A Square Enix em conjunto com a Crystal Dynamics tentou revitalizar completamente a famosa franquia Tomb Raider. Amargando com jogos medíocres de orçamento medianos, Lara Croft praticamente se tornou uma sombra do que era antes com jogos inesquecíveis durante a vida do PS1. Sendo uma das personagens mais queridas dos games, foi uma decisão acertada oferecer o reboot lançado em 2013 que pegou muita gente de surpresa.

Com uma boa narrativa, uma Lara totalmente diferente, gameplay que beirava a perfeição e gráficos que traziam todo o potencial da geração passada de consoles, Tomb Raider se tornou um clássico instantâneo, misturando combate e plataforma de modo sublime.
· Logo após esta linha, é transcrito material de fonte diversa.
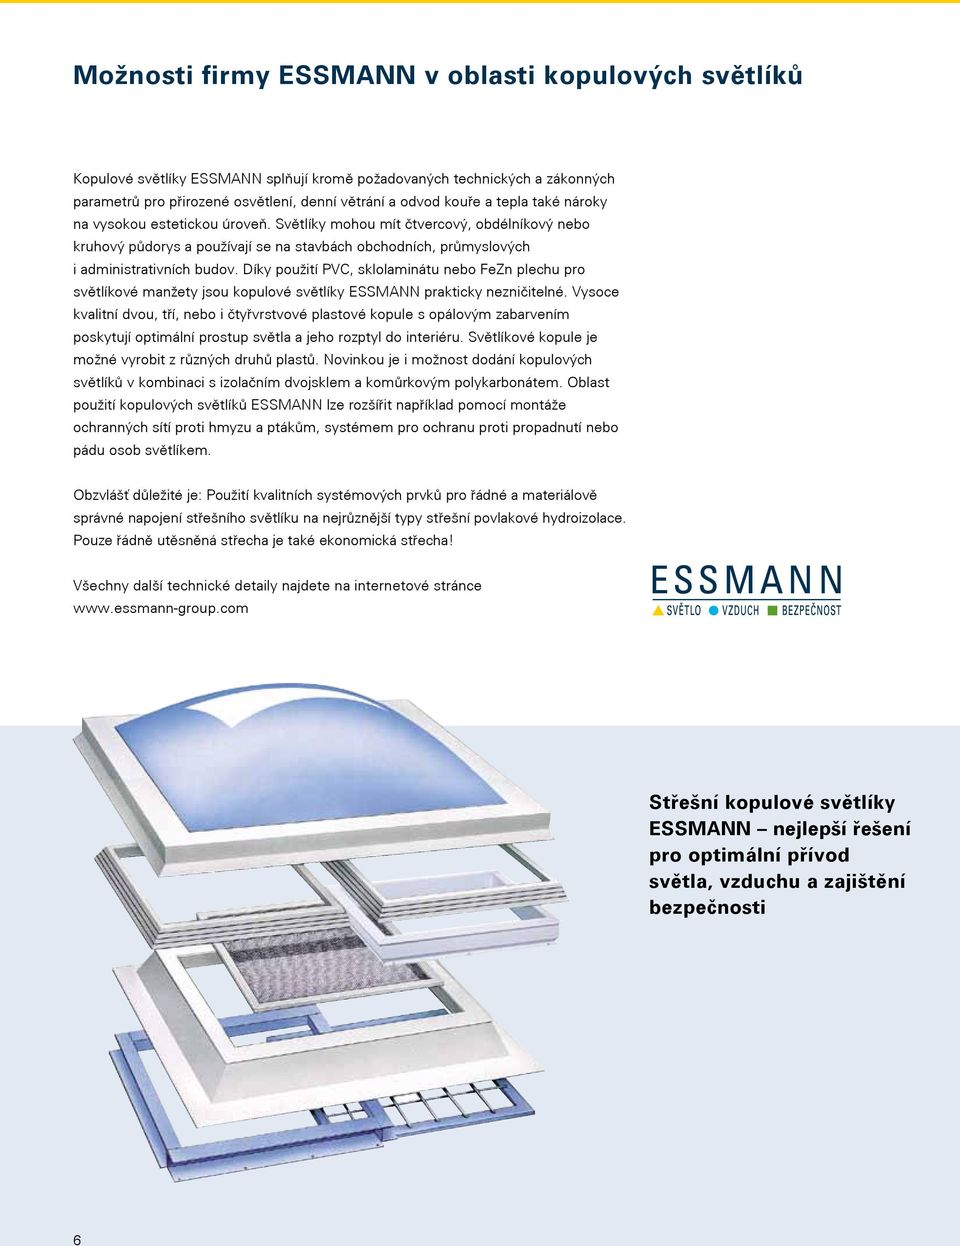 Díky použití PVC, sklolaminátu nebo FeZn plechu pro světlíkové manžety jsou kopulové světlíky ESSMANN prakticky nezničitelné.

A parceria com a Crystal Dynamics ainda rendeu uma sequência fenomenal em 2015 com Rise of the Tomb Raider, apesar da estratégia muito atrapalhada em apostar na exclusividade temporária do console com menos unidades vendidas no mercado.

Estranhamente, agora a terceira aventura dessa trilogia, Shadow of the Tomb Raider, não conta mais com o trabalho da Crystal Dynamics, mas sim da Eidos Interactive, uma outra desenvolvedora da Square Enix. Para o bem ou para o mal, todos os efeitos dessa mudança são sentidos e com certeza vão dividir as opiniões dos fãs da franquia.

Apocalipse Narrativo

A narrativa de Shadow of the Tomb Raider certamente é uma das mais interessantes da franquia, pelo menos no início. Lara Croft e seu fiel companheiro Jonah continuam sua jornada contra a Trindade, organização maléfica que quer conquistar artefatos místicos para dominar o mundo. Nessa aventura, Lara e Jonah estão atrás de um artefato maia no México. Conseguindo encontrar a primeira parte de um objeto muito poderoso, Lara acaba roubando o artefato de seu local sagrado, iniciando o Apocalipse no mundo inteiro – ou pelo menos nos países nos quais visitamos.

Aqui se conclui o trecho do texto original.